Conscient du potentiel de l'effectif ivoirien, l'ancien Stéphanois y voit aussi l'une des explications de l'échec subi au Ghana. "Lorsqu'on nous surestime, ça prouve que les gens croient en nous et peut-être que ça nous rend aussi un peu prétentieux. On se dit 'Ok, on est favoris' et on se laisse aller. Avant le match contre l'Egypte, on n'avait jamais été mené au score. C'était donc quelque chose de nouveau. On a stressé et on n'a pas su réagir. Avant chaque match, on se parlait. On se motivait. On s'est peut-être mis trop de pression". Le gâchis frappe à la porte et pour les Eléphants de cette génération historique, il donne des hauts de cœur rien qu'à son évocation.

"Certains ont 28-29 ans. La prochaine CAN et la Coupe du Monde 2010 seront peut-être les dernières compétitions pour la génération Drogba, Kolo Touré et moi-même. On aimerait gagner un trophée pour finir en beauté et sortir la tête haute. ça fait presque dix ans qu'on est là et on n'a rien gagné. C'est frustrant. Si on ne gagne rien avec cette génération ça serait un immense gâchis".

En effet, difficile d'imaginer une telle génération tirer sa révérence sans avoir inscrit la moindre ligne à son palmarès international. Alors quel est exactement le problème ? "On se pose nous-mêmes la question et on n'a pas la réponse", rétorque Zokora. "C'est dur à avaler. Pourtant, tout est réuni pour gagner la Coupe d'Afrique. J'espère que 2010 sera la bonne. La Coupe du Monde 2006 nous a apporté beaucoup de maturité. On a joué contre les Pays-Bas et l'Argentine, ça va nous servir".

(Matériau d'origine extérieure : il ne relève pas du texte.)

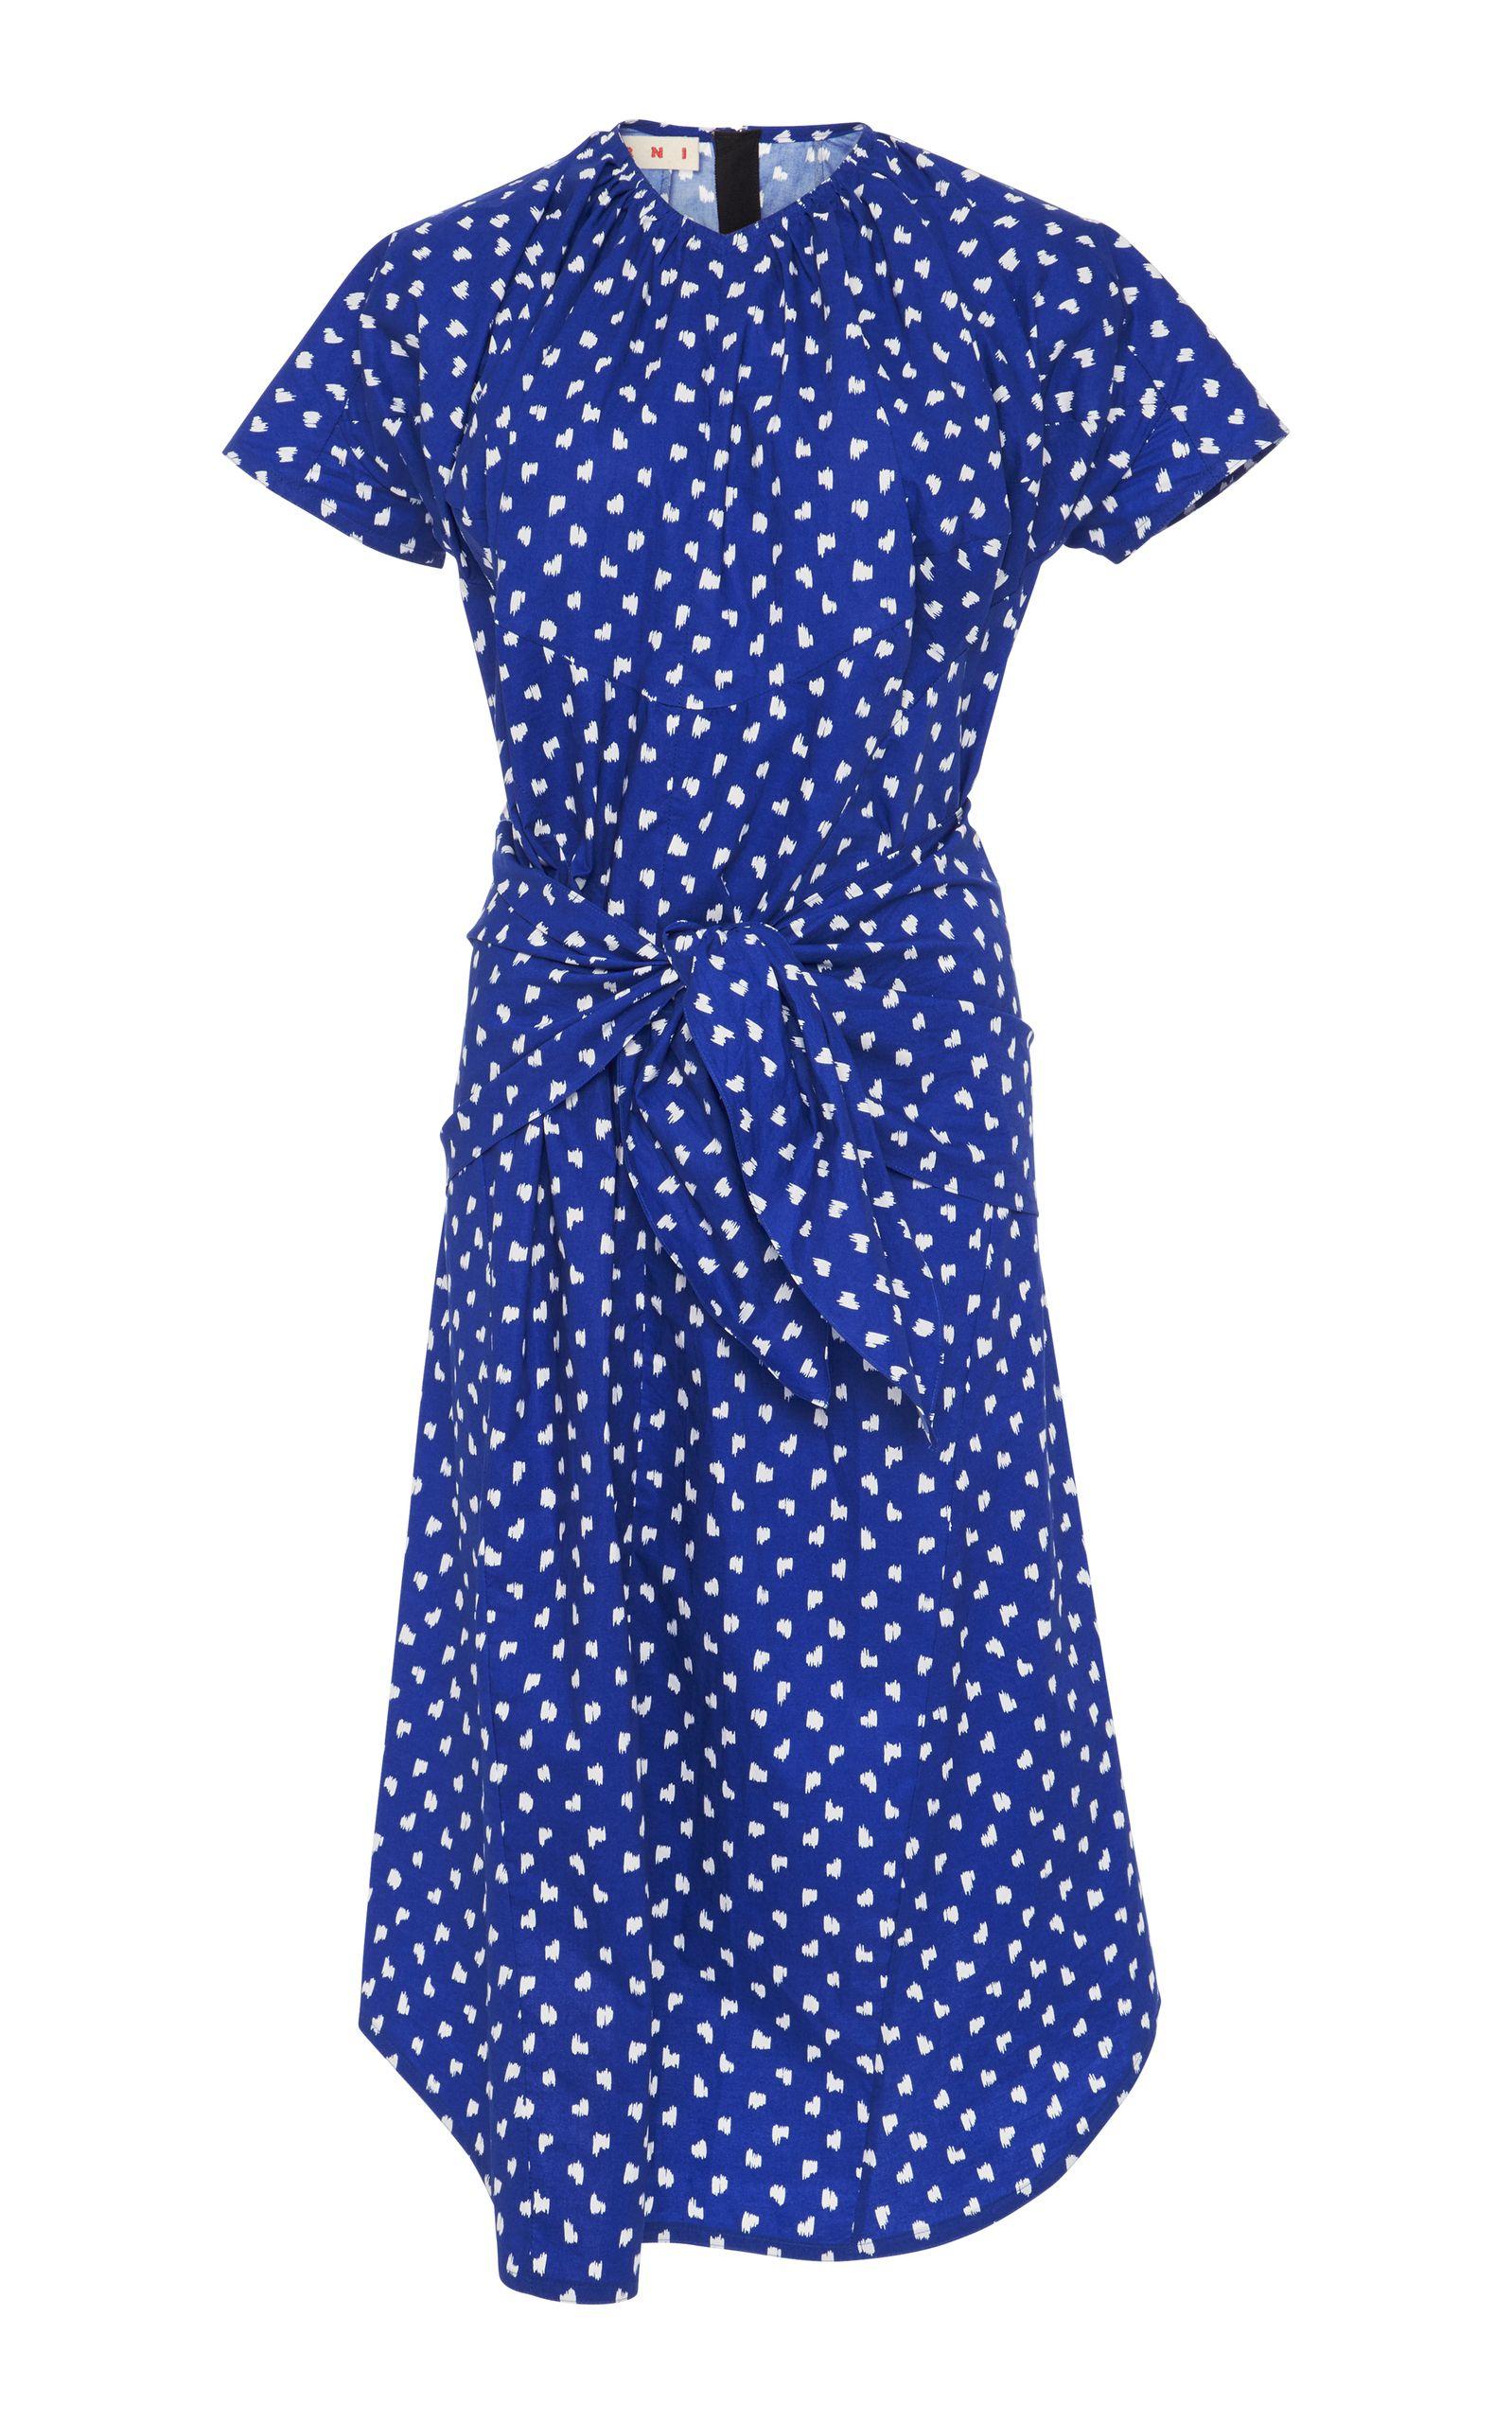 0b9a441d529a Short Sleeve Polka Dot Dress | Fashion Lust | Dresses, Marni, Poplin ...
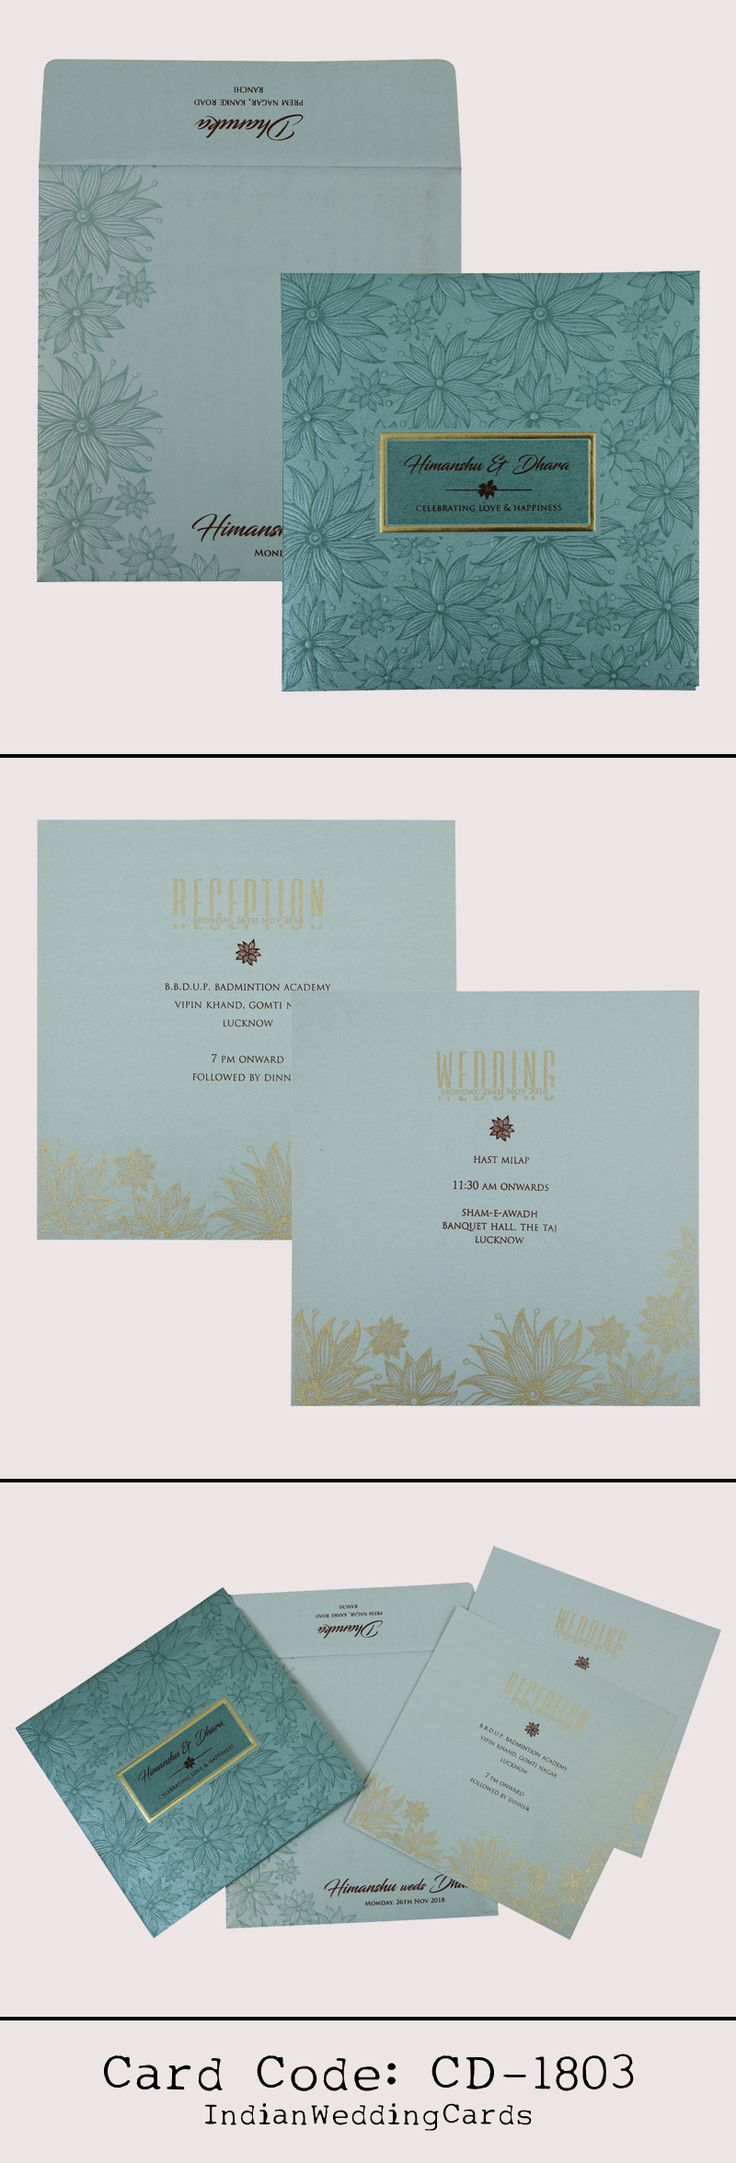 127 Best Wedding Invitations Unique Wedding Cards Images On Pinterest

En trois semaines, les finalistes de la CAN 2006 vont être confrontés aux premiers choix de Halilhodzic. Les adversaires (Mozambique, Madagascar, Botswana) n'ont rien de terreurs continentales. L'occasion donc pour l'ex-attaquant du FC Nantes de prendre ses repères et dresser un premier constat. La pression montera ensuite. Doucement mais sûrement.

"Une grande fierté"
Car personne au pays n'imagine les Eléphants absents de la première Coupe du Monde de la FIFA de l'histoire sur le sol africain. Et surtout pas son milieu défensif : "La Coupe du monde c'est le sommet. Déjà, le fait de l'avoir jouée en 2006, c'était un rêve. Lorsqu'on a rencontré l'Argentine, pendant l'hymne, c'était magnifique, un moment inoubliable. Alors la jouer sur le continent africain, vous imaginez ? On ne peut pas rater ça. Non, on ne peut vraiment pas", s'emballe Zokora.

"C'est une grande fierté, la plus grande peut-être pour un footballeur africain. Quand j'étais jeune, je me disais : 'Jamais un pays africain n'organisera la Coupe du monde ?' Et là, c'est fait ! On a la chance de faire ça en Afrique du Sud, qui est un pays magnifique. Tout sera réuni pour qu'un pays africain remporte ce trophée. ça serait le plus beau des cadeaux. Peu importe le pays, ça serait une fête pour tous les Africains. Bon, j'espère que ça sera la Côte d'Ivoire" concède dans un éclat de rire l'un des chouchous de White Hart Lane. La longue route qui mène à l'Afrique du Sud commence dimanche. Une première marche à franchir sans tracas pour tirer plus de certitudes que de doutes.